Sensors and AI are finding their way into the barnyard - prostoalex
https://www.economist.com/technology-quarterly/2019/09/12/sensors-and-ai-are-finding-their-way-into-the-barnyard
======
rapjr9
I worked on electronically herding cows 10+ years ago and talked with Temple
Grandin about it. She thought the idea of relying on sensors alone to monitor
animal health was a bad idea. Unless the sensors can detect every possible
disease and problem that a rancher or vet can detect in person, the risk is
that some animal problems will go unnoticed by the sensors and the animals
will suffer. Also the ranchers may not care about that if it reduces costs and
profits remain the same, so using sensors could cost lots of animal misery.

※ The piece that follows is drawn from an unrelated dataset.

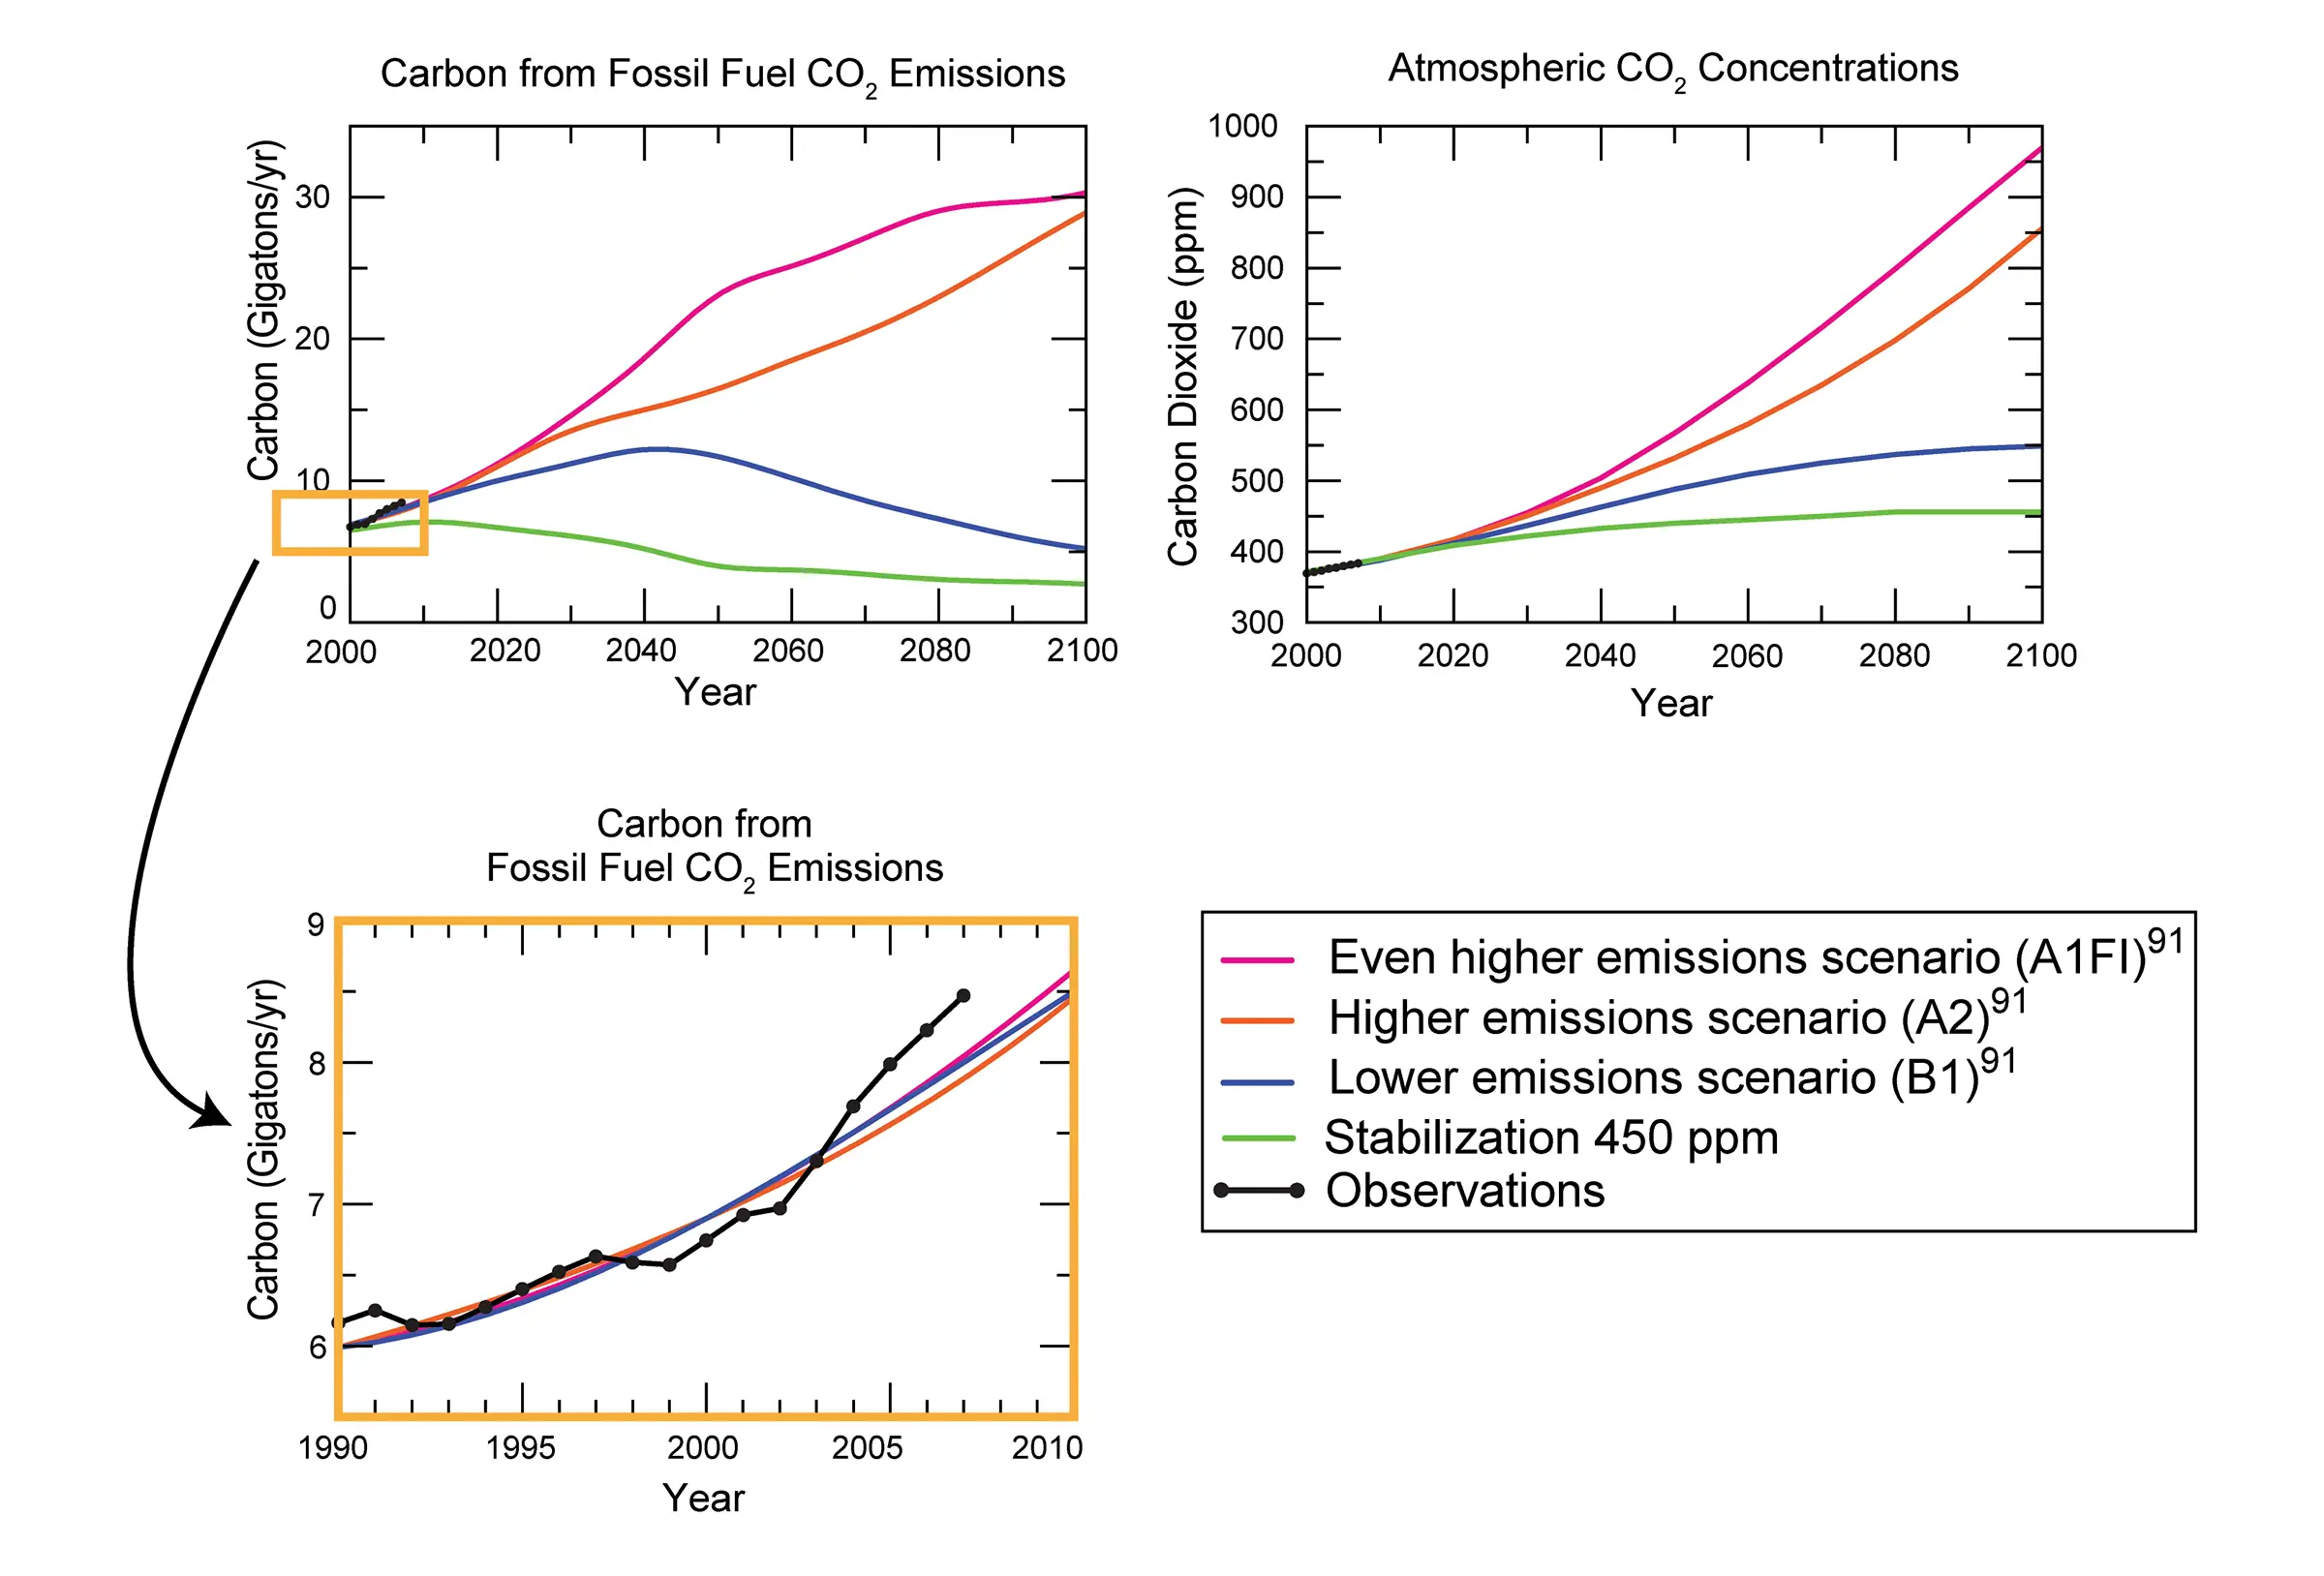 Scénarios projetés d'émissions de CO2. Le graphique en haut à gauche montre le CO2 émis en milliards de tonnes, et le graphique en haut à droite montre la concentration de CO2. Même pour la ligne verte, qui diminue drastiquement les émissions de CO2, les concentrations de CO2 continuent d'augmenter avant de se stabiliser.

The same is true of using sensors to monitor the health of people. Many ideas
that the food industry has used to engineer foods for people have come from
the cattle industry (who have a big interest in stuffing more food into cows)
so testing sensors on cows may be a first step towards using them on people.

------
boltzmannbrain
non-paywall: [https://archive.vn/145aA](https://archive.vn/145aA)

Also note this article is from 2019.

------
fennecfoxen
> An Austrian firm called smaxtec has developed a sensor that can be
> swallowed. It lodges inside the reticulum, one of a cow’s four stomachs, and
> stays there for the rest of the animal’s life, monitoring body temperature,
> movement and stomach acidity, and uploading the results when the cow is near
> a wireless detector.

(insert "scream" emoji here)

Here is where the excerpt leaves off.